Cortex Code panel showing the workload-performance-analysis skill description and analysis type options

Snowsight entry points pass page context so you don’t need to copy query IDs or re-enter filters. In CLI, Desktop, or the general Snowsight panel, include the scope in your prompt (warehouse name, query ID, table name, time range, and so on).

Example ways to use the skill

These outcomes match common workloads the skill is designed for:

  • Identify queries with excessive disk spilling and get concrete fix recommendations.
  • Analyze partition pruning ratios and suggest better clustering keys for large tables.
  • Find queries eligible for Search Optimization Service or Query Acceleration Service.

Example prompts:

Summarize spill and cache metrics for warehouse ANALYTICS_WH over the last 7 days.

Why is query 01b24bb0-0007-9627-0000-0001234abcde slow? Root cause and recommendations.

Which tables have the worst partition pruning? Recommend clustering keys for the top offenders.

Are any of my recurring query patterns good QAS candidates?

Health check: spilling, pruning, cache, and QAS eligibility account-wide for the last week.

In Cortex Code CLI, you can also run /workload-performance-analysis and then describe your question.

Prerequisites and access

You need:

  • Access to Cortex Code in your account. See Cortex Code in Snowsight and Cortex Code CLI.
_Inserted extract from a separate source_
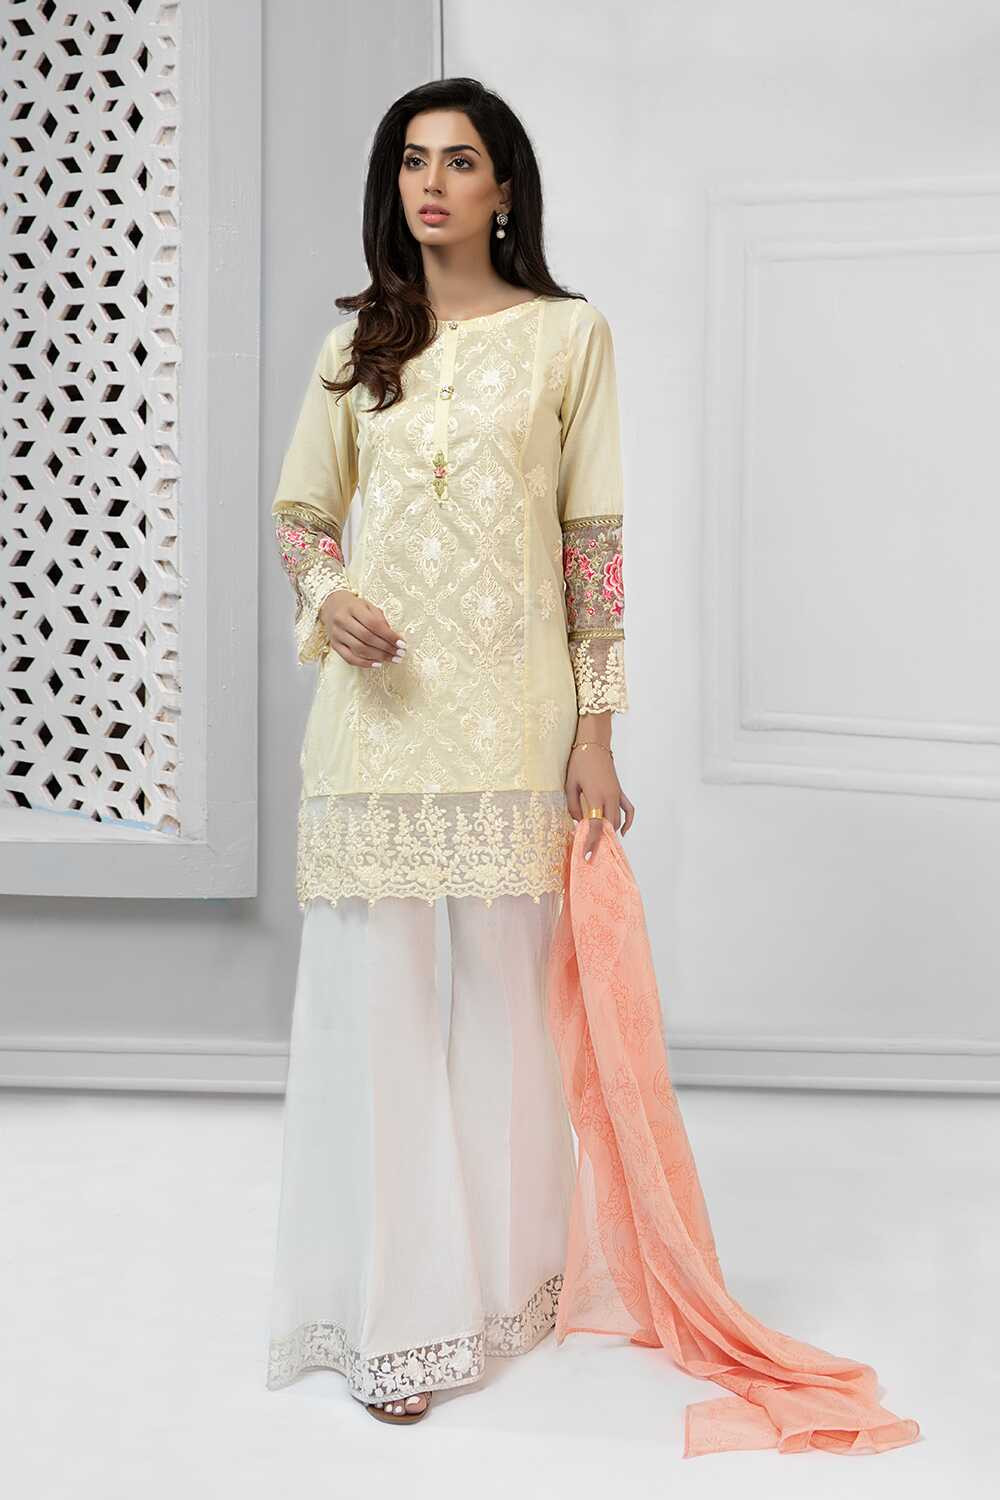 /2019/07/mariab-eid-collection-suit-light-yellow-dw-2218-image1.jpeg

  • Privileges to read the ACCOUNT_USAGE views the skill queries. Many analyses require the SNOWFLAKE.USAGE_VIEWER database role (or related usage or governance roles for specific views). An administrator can grant access, for example:

    GRANT DATABASE ROLE SNOWFLAKE.USAGE_VIEWER TO ROLE <your_role>;
    

What you can see matches the query and account activity your roles can access in Snowsight and ACCOUNT_USAGE.

Limitations

Keep these constraints in mind:

  • Historical data only: The skill analyzes past runs in ACCOUNT_USAGE; it does not predict future performance.
  • Latency: ACCOUNT_USAGE data can lag behind real time (for example, up to about 45 minutes for query history and longer for some pruning views).
  • Hybrid tables: Visibility in these views can be limited for hybrid tables.
  • Benefit estimates: The skill can flag SOS or clustering candidates but can’t guarantee exact savings from enabling them.

When recommending warehouse sizing or queuing tradeoffs, the skill may ask whether your workload prioritizes speed (minimize wait time and runtime) or cost (accept some queuing or spilling to save credits). That framing helps tailor guidance; for credit and spend analysis, use the cost-intelligence skill instead.